With NLRB Board members now being able to be removed at-will by the President, incoming Presidents will be able to reshape the Board immediately rather than waiting years for vacancies to occur. In addition, it remains unclear whether or not the provision in Section 3 of the National Labor Relations Act that provides that the Board shall consist of not more than three members of the same political party is also an unconstitutional restriction on the President’s authority over the administrative agency. See 29 U.S.C. § 153(a). This could be the next basis for challenge.
In any case, we expect that the Trump v. Slaughter case is likely to result in continued and even greater ping-pong interpretations on many important issues including:
- employee handbook rules like confidentiality, social media policy, conduct rules;
- the scope and breadth of what is considered protected concerted activity;
- captive audience meetings; bargaining obligations;
- independent contractor status;
- joint employer standards; and
- available remedies under the NLRA.
Employers have long experienced significant swings in labor policy between administrations. Those swings are now likely to occur faster—and become even more pronounced.
How the Decision Also Raises Questions for the EEOC
The decision's reach extends well beyond labor law.
The EEOC has traditionally operated as a bipartisan commission with staggered terms designed to ensure continuity across administrations. Although each agency presents unique statutory questions, Trump v. Slaughter strongly suggests that removal protections for commissioners exercising executive authority face serious constitutional obstacles.
For employers, this means enforcement priorities in areas such as discrimination, workplace investigations, and compliance may become increasingly tied to the political priorities of the sitting President, with wide varying interpretations from administration to administration on issues such as transgender protections, DEI, disability accommodation and other equal employment rights issues.
The Next in Line: Wilcox v. Trump
Perhaps the most immediate consequence of Trump v. Slaughter involves the pending litigation over former NLRB Member Gwynne Wilcox.
Earlier this year, the Supreme Court issued an emergency stay permitting President Trump to remove Wilcox while litigation continued, signaling skepticism toward the constitutionality of the NLRB's removal protections. At the time, however, the Court emphasized that the stay was not a final decision on the merits.

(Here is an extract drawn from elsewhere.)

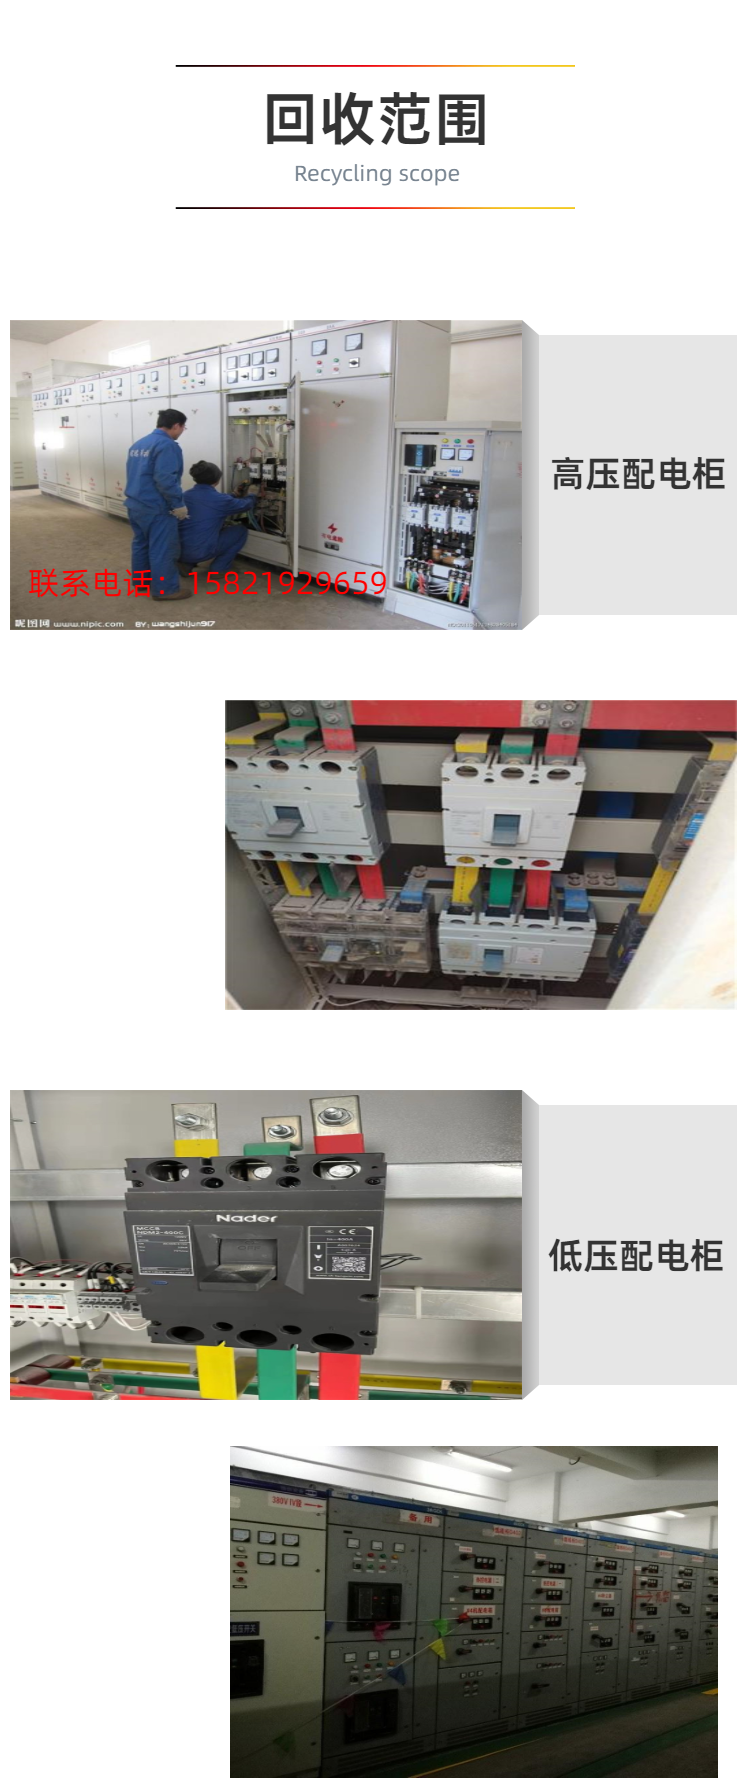 武进低压配电柜回收 配电房配电设备回收现场估价

Now, the landscape has changed.
By expressly overruling Humphrey's Executor, the Court has removed the principal precedent supporting statutory removal protections for members of independent agencies.

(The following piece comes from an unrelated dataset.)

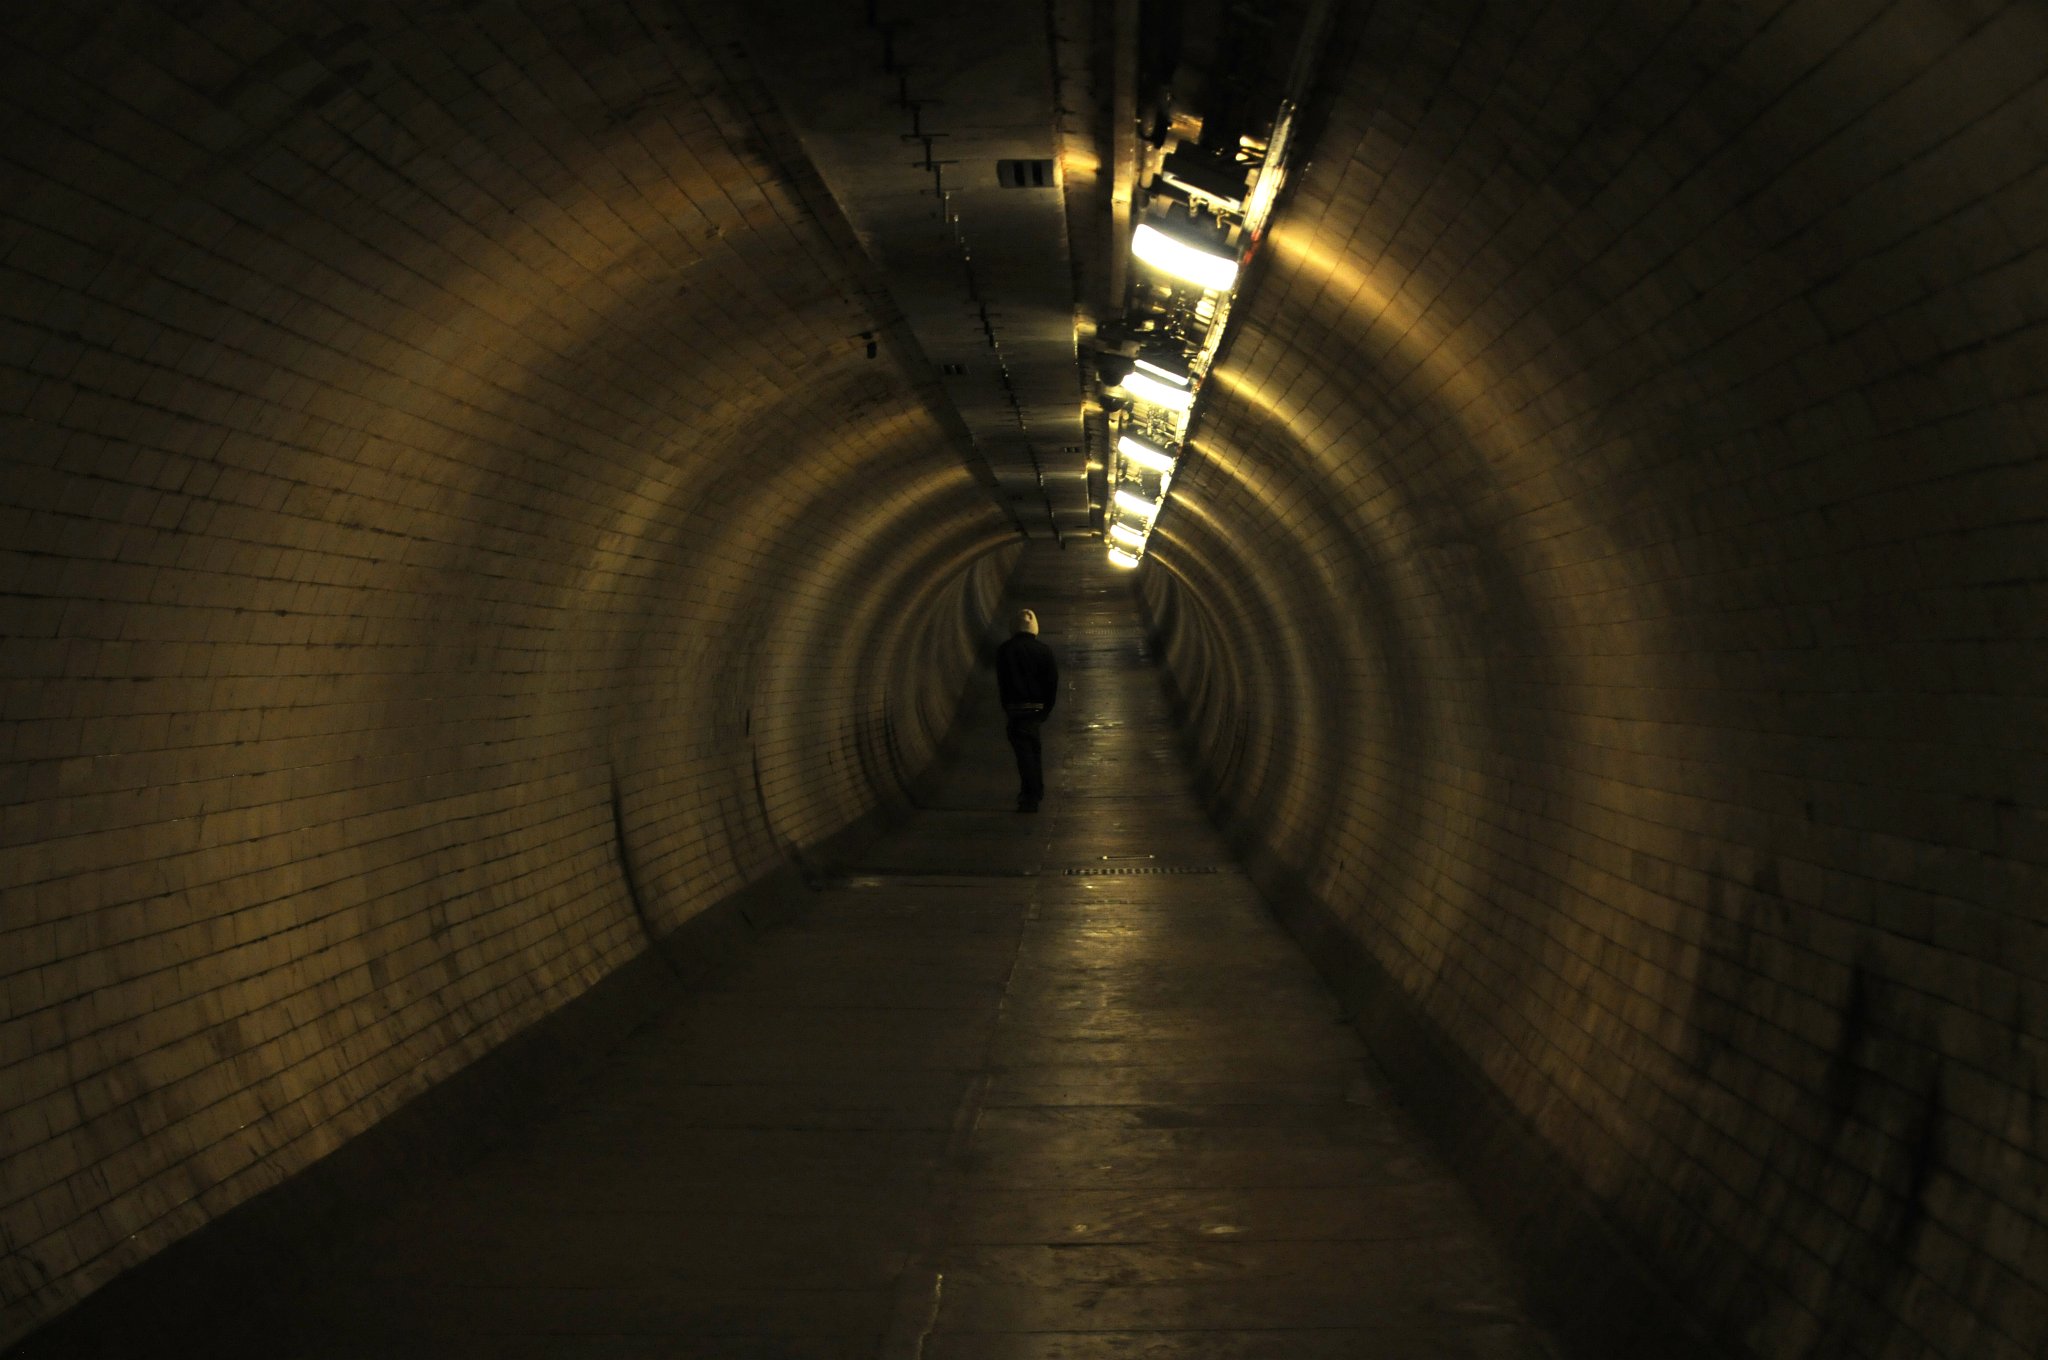 DSC_4326_1.jpg - Oba londýnské břehy Temže spojuje nejen přes třicet mostů, ale také řada tunelů pro pěší, pro motorová vozidla a samozřejmě také pro metro. První tunel pod řekou byl vybudován pro pěší v letech 1825 až 1843, a to mezi Rotherhithe a Wappingem. V druhé polovině 19. století byl rozšířen pro potřeby metra.

While Wilcox technically presents separate legal questions – including issues unique to the NLRA and the requested remedies – the constitutional foundation underlying Wilcox's reinstatement claim has largely disappeared. Although nothing is certain until the Court issues its opinion, Trump v. Slaughter suggests that the Supreme Court is extremely likely to reject Wilcox's challenge to her removal.
A decision upholding the President's authority to remove NLRB members would cement presidential control over one of the nation's most consequential labor agencies and likely accelerate changes in Board composition whenever administrations change.
Looking Ahead
For employers, the practical takeaway is clear: federal agency policy may become increasingly responsive to presidential elections, with leadership changes—and corresponding shifts in enforcement priorities—occurring far more rapidly than under the previous framework. CDF’s Labor Management Relations Practice Group will continue to monitor developments, including the anticipated decision in Wilcox v. Trump, and provide updates on what these changes mean for private employers.